Exhausted by Ava’s tedious self-absorption

I initially found Ava’s self-critique of her slightly dirtbag personality refreshing and entertaining, but after hours of the stuff, compounded by her apparent inability to combine her self-reflection with any actionable change to address those aspects of her character, life, or choices with which she was dissatisfied, this book became a tiresome egotistical mope from a deeply unlikable character.

Her relationship with Edith entirely lacked substance: it felt sappy, two-dimensional and appeared to be founded entirely on Ava’s insecurities, obsessions and borderline pathological inability to tell the truth. As soon as her secret about Julian was out, so too was her flame for Edith.

Her relationship with Julian at least had chemistry, some edge and complexity of dialogue.

Can the author not write romantic relationships between women or was than intentional?

Besides the poorly crafted relationships, I found the portrayal of Ava’s queerness utterly bizarre. The only time that she, a woman who does a lot of reflecting, reflects on her queerness is at the time that she is actually with a woman.
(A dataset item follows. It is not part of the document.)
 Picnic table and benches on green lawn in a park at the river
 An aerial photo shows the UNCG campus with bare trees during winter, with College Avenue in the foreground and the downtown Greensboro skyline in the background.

As soon as she’s back to sleeping with a man, this aspect of her vanishes entirely from the narrative. Are you only gay when you’re actively with a woman, when you’re back with a man you’re straight again, and the concept of bisexuality doesn’t exist…? For a book that has a fair amount to say on deconstructing stereotypes and heteronormativity, it sure did fall straight (pun intended) into that one.

As for the ending, given the character development up to that point, it just felt really implausible.

I greatly enjoyed the nuggets on language with which the book is peppered, and the narration is just lovely.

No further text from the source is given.